Deposition of iron and beta-amyloid plaques is associated with cortical cellular damage in rabbits fed with long-term cholesterol-enriched diets.

Hypercholesterolemia is a potential trigger of Alzheimer's disease, and is thought to increase brain levels of beta-amyloid (Abeta) and iron. However, animal models to address the mechanisms by which Abeta and iron accumulation may cause neuronal damage are poorly defined. To address this question, we fed adult rabbits a 1% cholesterol-enriched diet for 7 months. This diet was associated with increased regional deposition of both iron and Abeta peptide in the brain. Iron preferentially accumulated around Abeta plaques in the adjacent cortex, but was not found in the hippocampus.

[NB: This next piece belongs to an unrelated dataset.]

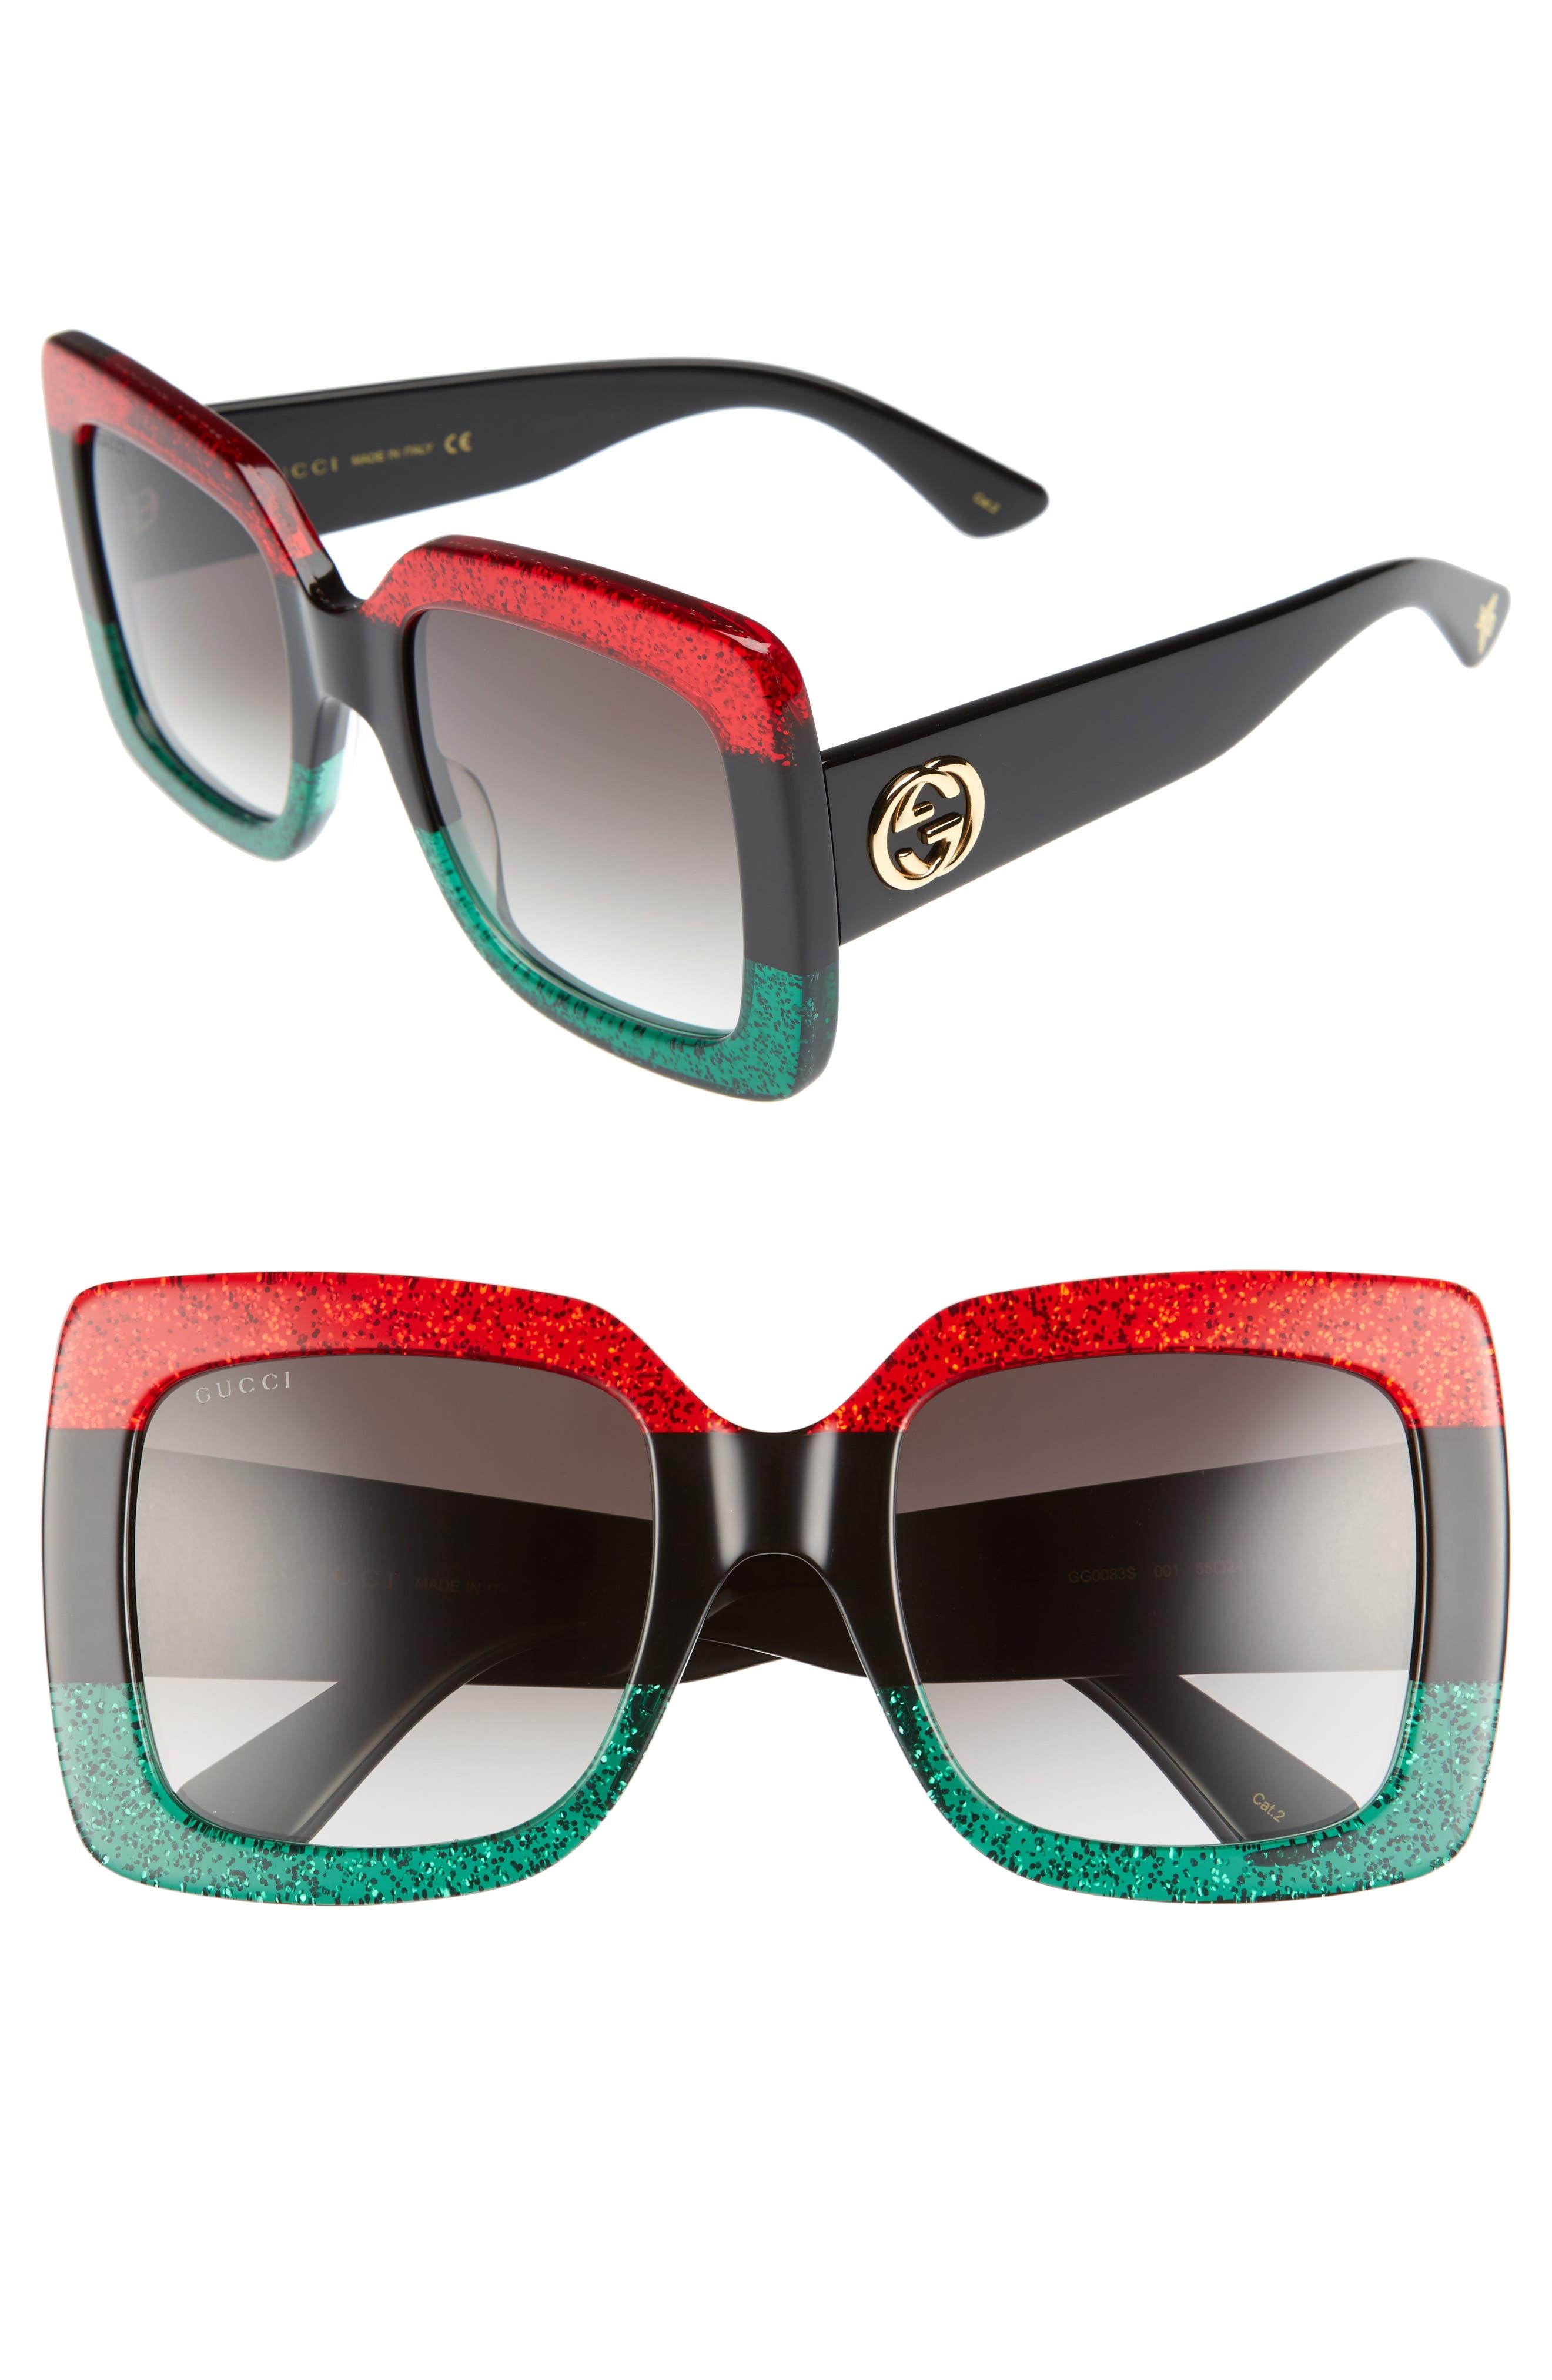 55mm Square Sunglasses,                             Main thumbnail 1, color,                             RED BLACK GREEN/ GREY
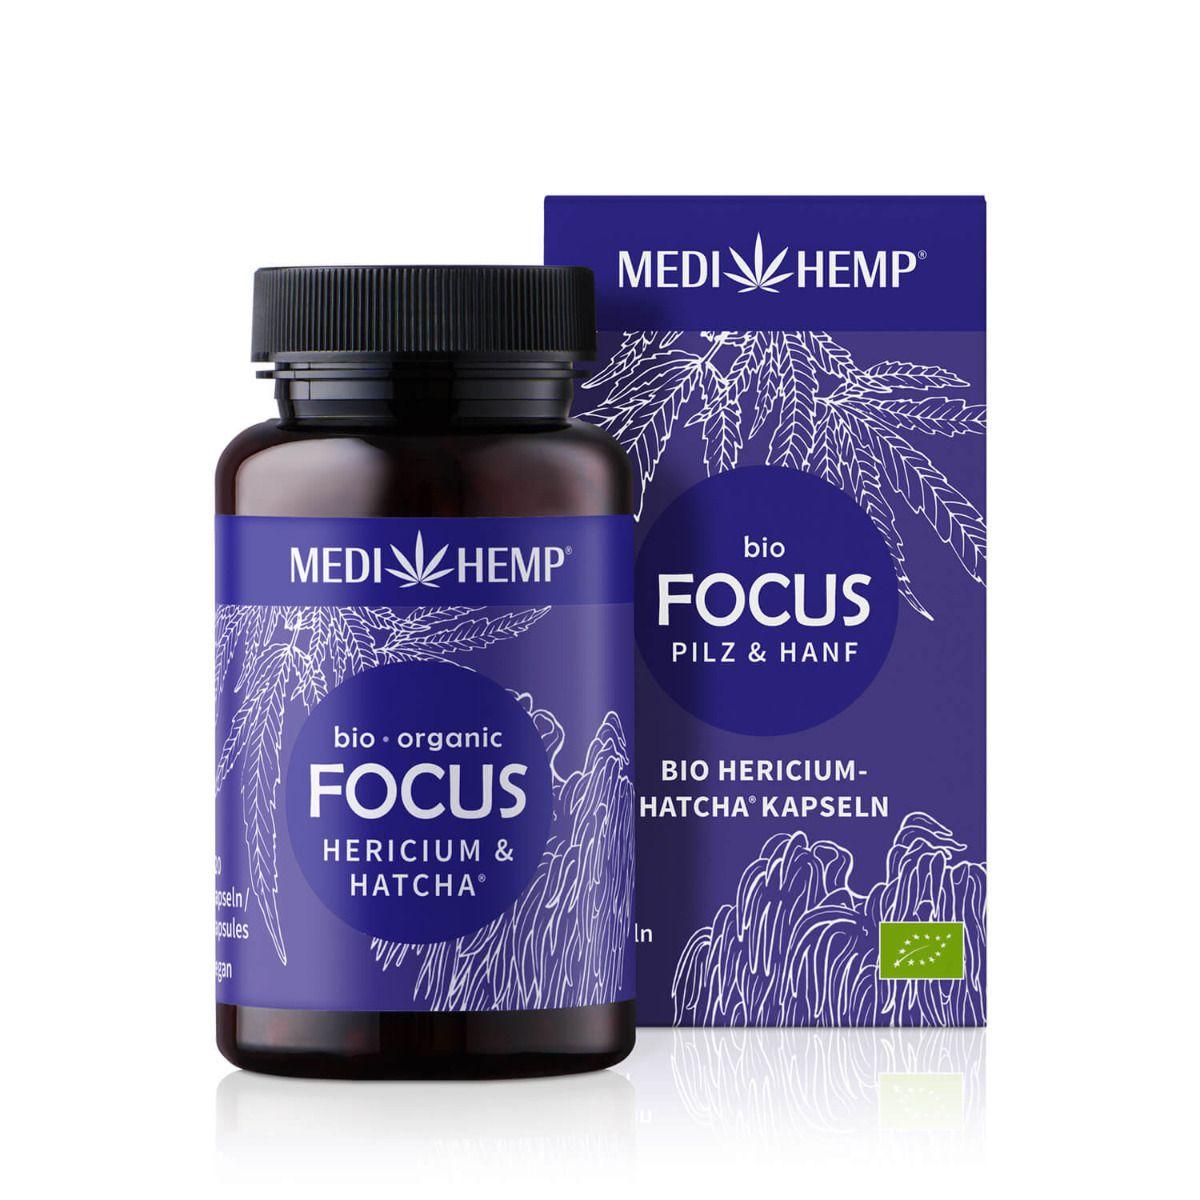 Bio FOCUS Hericium-HATCHA®, 120 Kapseln, vegan

Co-localization of iron and Abeta was accompanied by apoptosis, DNA damage, blood-brain barrier (BBB) disruption, as well as dysregulation in the level of the iron-regulatory proteins, ferritin and heme-oxygenase-1. We further demonstrate that the cholesterol diet-induced apoptosis is mediated by the activation of the endoplasmic reticulum stress pathway, involving the down-regulation of the endoplasmic reticulum chaperones, calreticulin, grp78 and grp94, and the activation of the growth and arrest DNA damage protein, gadd153. Our results suggest that BBB damage and disturbances in iron metabolism may render the cortex more vulnerable than the hippocampus to the cholesterol-induced cellular stress.